Running down the quarterbacks proved to be a difficult task, but each was irresistibly drawn into a discussion of their lives and their BYU days. "Even Wilson got rolling, which would have been a surprise to the press in L.A.," says Benson, who, after being stood up once by Wilson, finally chased him down at his clothing store in Provo and interviewed him for 11/2 hours in the shoe department. Later, Wilson called and said some of his comments were off the record.

"Nobody made it particularly easy," says Benson. "Except Sheide." What was supposed to be a brief interview with Sheide at his home in Washington, D.C., turned into four hours.

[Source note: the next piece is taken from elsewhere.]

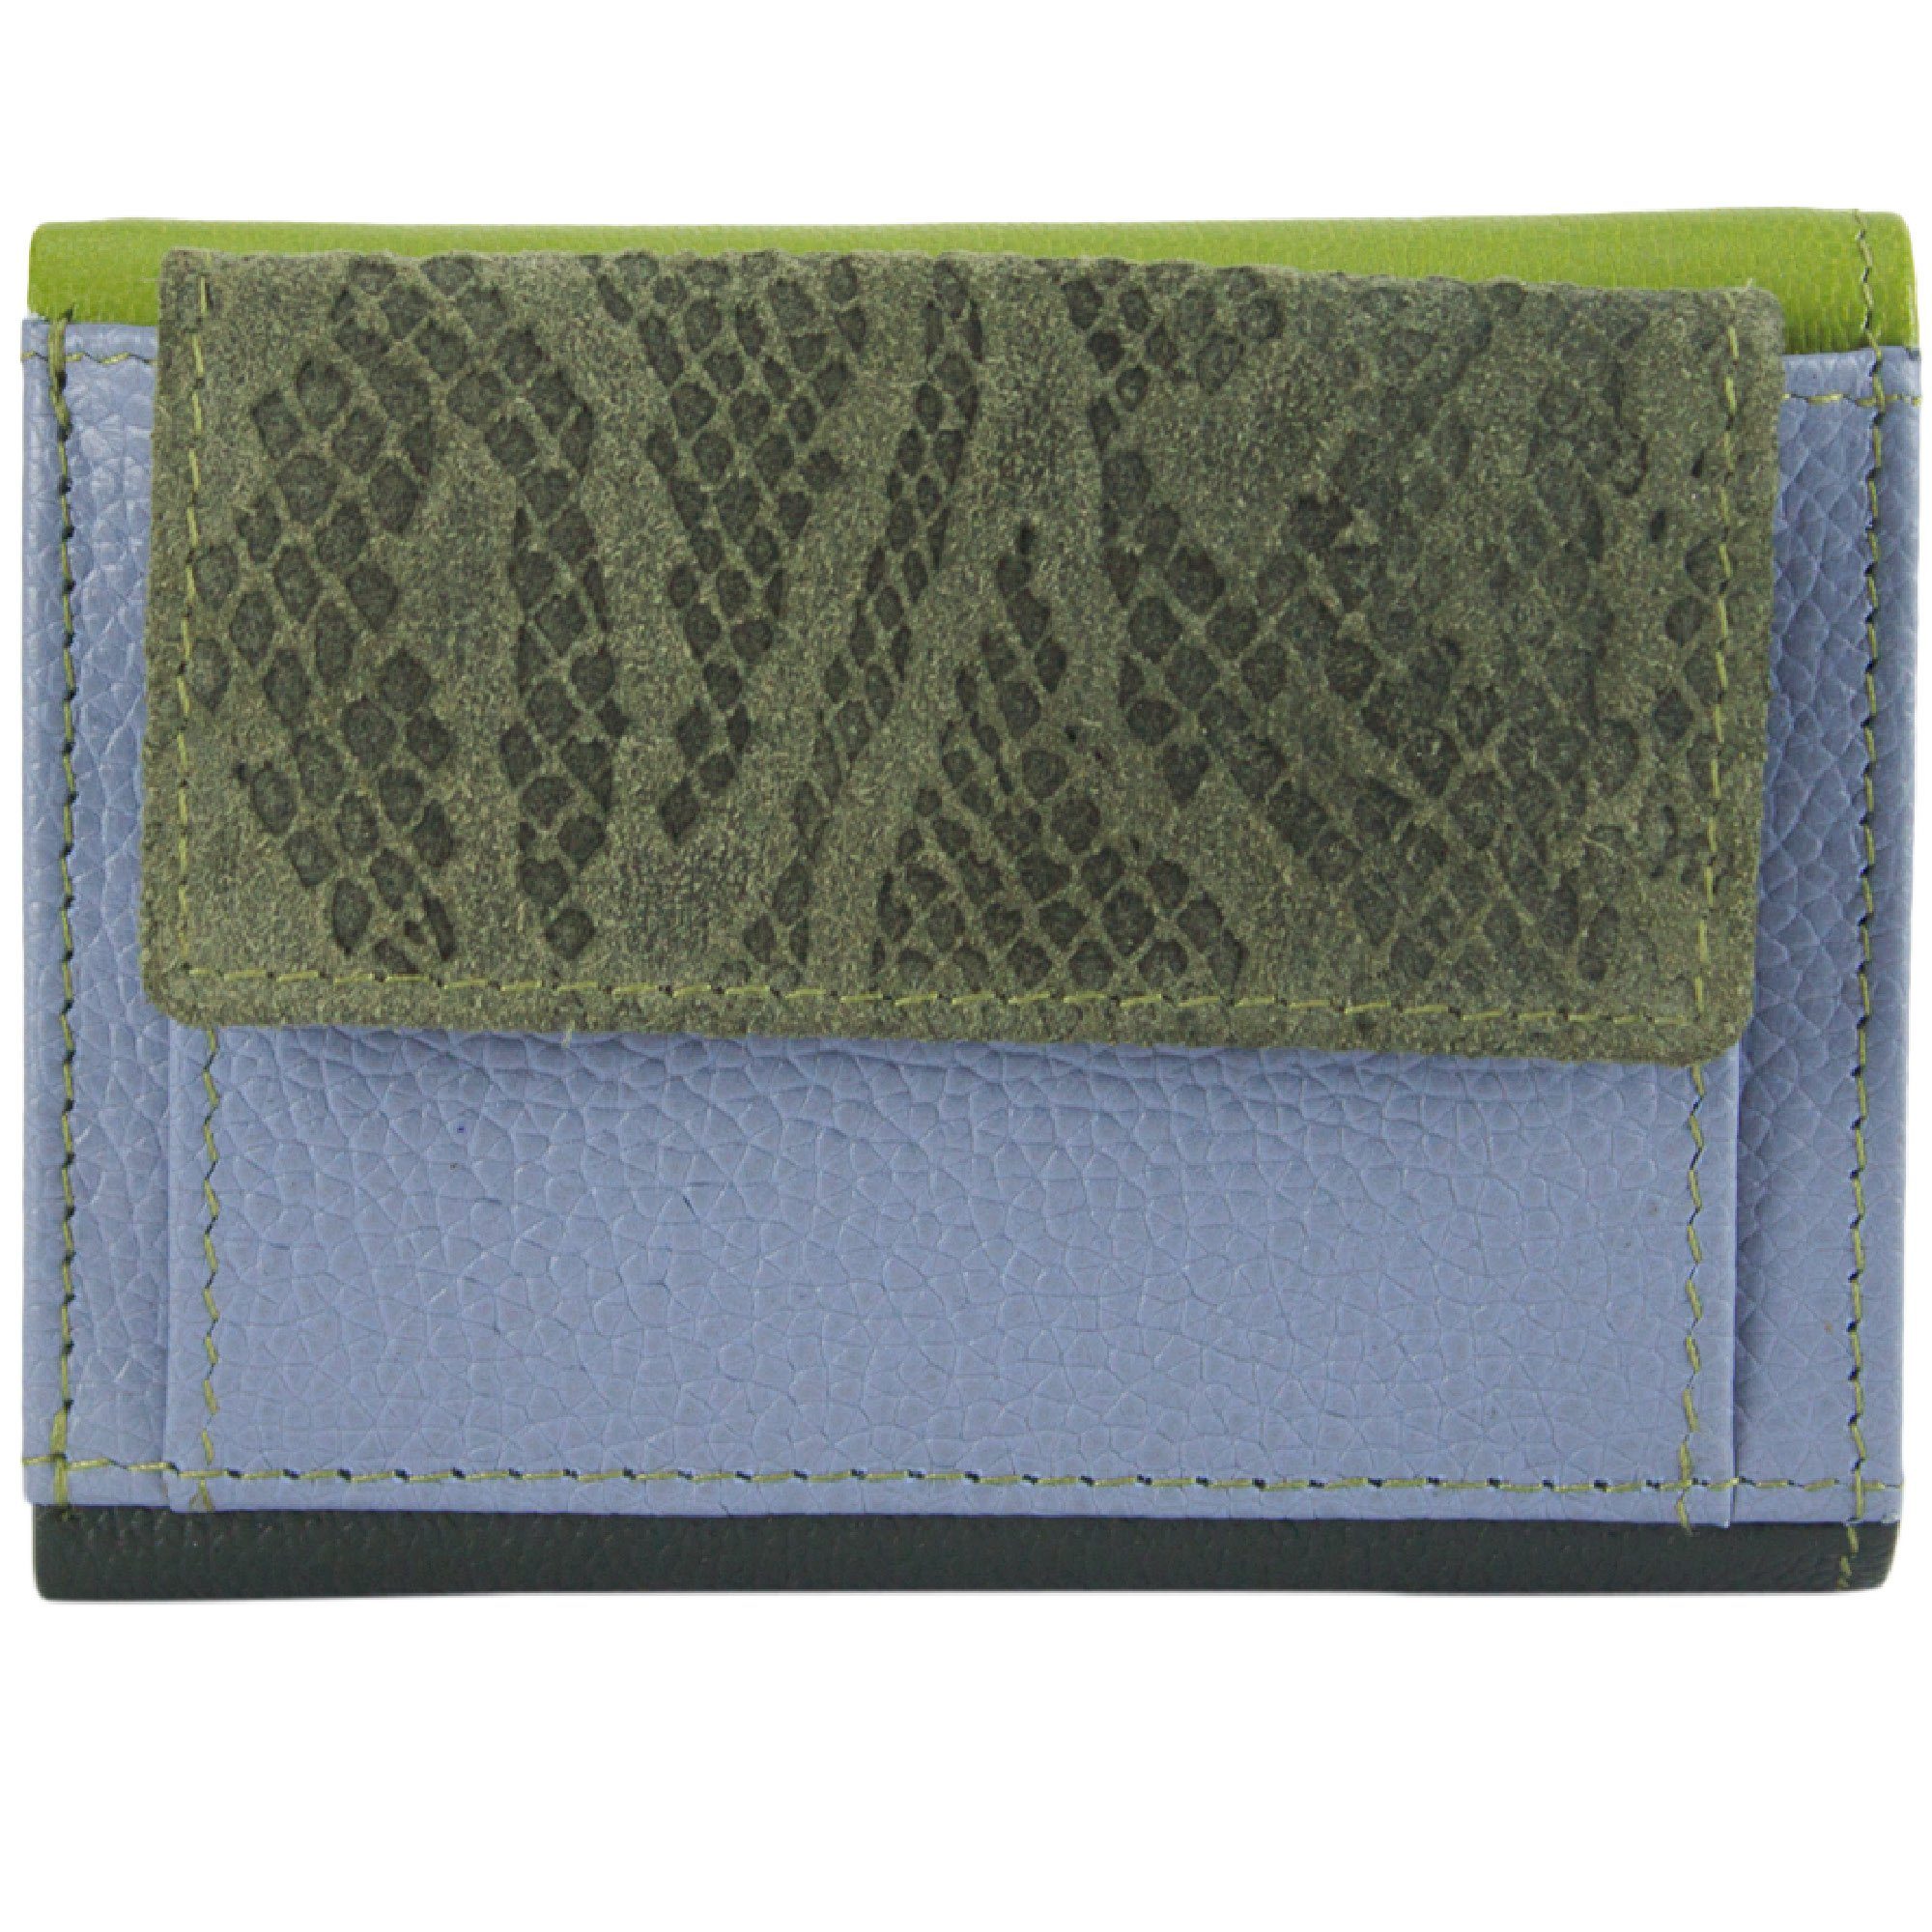 Sunsa Mini Geldbörse Mini klein Leder Geldbörse Geldbeutel Portemonnaie Brieftasche, echt Leder, aus recycelten Lederresten, mit RFID-Schutz, Unisex Khakigrün/hell blau/kiwi grün

En route to cover the Final Four in New Orleans, Benson caught up with Nielsen during a four-hour layover in the Houston airport. Their interview continued all the way to Nielsen's car in the parking lot.

McMahon and Wilson proved to be as elusive off the field as on it. Benson wrote a letter to McMahon, but it went unanswered, and attempts to get his unlisted phone number failed. Finally, Benson played 18 holes of golf with McMahon's father (Jim Sr.) and brother (Mike). Afterward, he bought lunch, then practically begged them for Jim's phone number in the parking lot.

When finally contacted by Benson, McMahon apologized for not answering his letters, then said he wasn't interested; he had said everything he wanted to in his own book. Benson, who had been trying to reach McMahon for four months, changed McMahon's mind and flew to Chicago to meet with him at his home.

"He was late," says Benson. "He was having a root canal."

So Benson visited with McMahon's wife, Nancy, until Jim arrived a half-hour later. Like the others, McMahon warmed to the task. The interview lasted five hours. "Nancy served us lunch while we were talking," says Benson. "At the end, he took me into the den and showed me his memorabilia. I had to rush to catch my plane."

Curiously, the most difficult quarterback to catch was Young, who lives in Deer Valley during the off-season, only a few miles from Benson's home at Jeremy Ranch. It took six months for them to get together. Benson finally sacked Young at his apartment in San Francisco during the football season. He was given two hours; he got four.

All have moved on, of course. McMahon, Wilson and Young are still in the NFL. Bosco, cut by Green Bay last week, moved quickly to coaching, at Idaho State. Nielsen is a TV sportscaster in Houston, where he played for the Oilers for several years. Sheide, whose own shoulder problems (very similar to McMahon's and Bosco's injuries) cut short his pro career, is president of a marina developing company.

"Just because they were All-American, it didn't end there," says Benson. "They're all still driven, all still trying to achieve. They're not the most mellow guys you'll ever meet."

And it is their stories, with help from Benson, that make good reading.